Further, the charcoal-based material is cooled in the water-washing tank, and the salt content derived from dust is removed by controlling the water-washing flow rate in the water-washing tank. As a result, the charcoal-containing material has no salt or a salt content as small as possible. Can be obtained. The carbonized product after the water washing treatment is taken out from the water washing tank via the transfer device. Since the water content of the carbide is adjusted by adjusting the temperature of the water taken out, the dry process is not necessary.
Then, the carbide whose moisture has been adjusted can be directly conveyed to the storage hopper and can be immediately shipped as a carbide product.

In particular, when the carbonization furnace for carbonization and carbonization is of an oscillating type, since a screw conveyor is not used, it is possible to continuously produce the carbide without being affected by the heat resistance of the screw conveyor. .

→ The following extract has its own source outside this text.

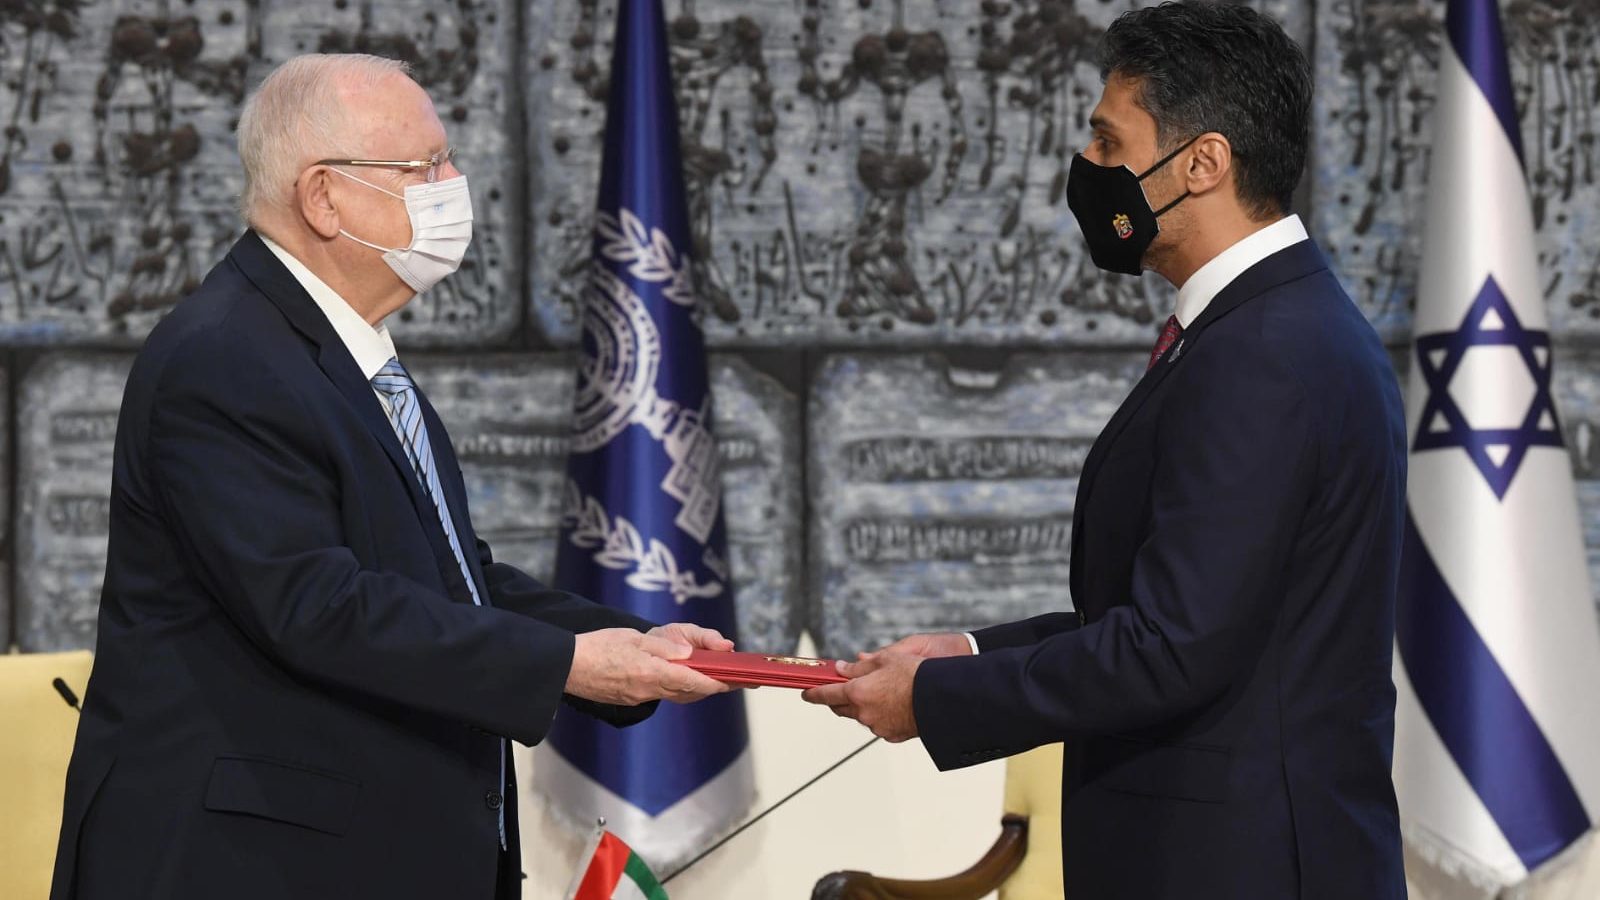 First UAE Envoy Presents Credentials to Israel’s President

[Brief description of drawings]

FIG. 1 is a diagram showing a structure of a carbide manufacturing apparatus of the present invention.

[Explanation of symbols]

1 RDF (solid waste fuel) 4 carbonization furnace 7 Secondary combustion furnace 8 connection 9 discharge tubes 10 water washing tank 12 Dispersal tower 15 Conveyor

   ─────────────────────────────────────────────────── ─── Continued front page    (72) Inventor Ryoichi Nagata             1-chome, Mizushima Kawasaki-dori, Kurashiki-shi, Okayama             Shi) Kawasaki Steel Co., Ltd. Mizushima Steel Works F-term (reference) 3K061 PA03 PA08 PA16                 3K078 BA08 BA09 BA22 CA04 CA11                       CA27                 4H012 HA06 JA04 JA12

Claims (7)

[Claims] 1. A carbonization furnace that performs carbonization and carbonization of a material to be carbonized while the material to be carbonized moves from a supply section toward a discharge section.
A combustion device for the carbonization gas generated during carbonization / carbonization of the material to be carbonized, which is arranged on the discharge part side of the carbonization furnace, and a connecting part for connecting the carbonization furnace and the combustion device and discharging the carbide, A carbide production facility comprising: a washing tank for temporarily storing carbides discharged from a connecting portion for desalting by washing with water; and a carbide transporting device connecting the washing tank and a storage hopper. 2. The carbide production facility according to claim 1, wherein the carbonization furnace is a rocking type carbonization furnace. 3. The combustion apparatus according to claim 1 or 2, wherein the combustion apparatus comprises a secondary combustion furnace having an air introduction device for secondary combustion, and a diffusion tower having an air introduction device for tertiary combustion and an ejector device. Characteristic carbide manufacturing equipment. 4. The carbide manufacturing facility according to claim 3, wherein a path for introducing steam generated in the washing tank into the secondary combustion furnace is provided between the secondary combustion furnace and the washing tank. 5. The discharge tank according to claim 4, wherein the steam generated in the washing tank is introduced into the secondary combustion furnace by a discharge tube facing the washing tank from the connecting portion, and the washing tube is passed through the discharge tube. A carbide production facility characterized by introducing steam generated in a tank into a secondary combustion furnace and using the generated steam for reforming carbide and controlling combustion temperature during carbonization gas combustion. 6. The method according to any one of claims 1 to 5,
A carbide producing facility characterized in that it has a screw conveyor for taking out the carbide from the washing tank as a device for conveying the carbide, and the screw conveyor has a function of adjusting the water content of the carbide. 7. The method according to any one of claims 1 to 6,
The water washing tank has a function of controlling the amount of supplied water for adjusting the amount of desalination, and is a carbide production facility.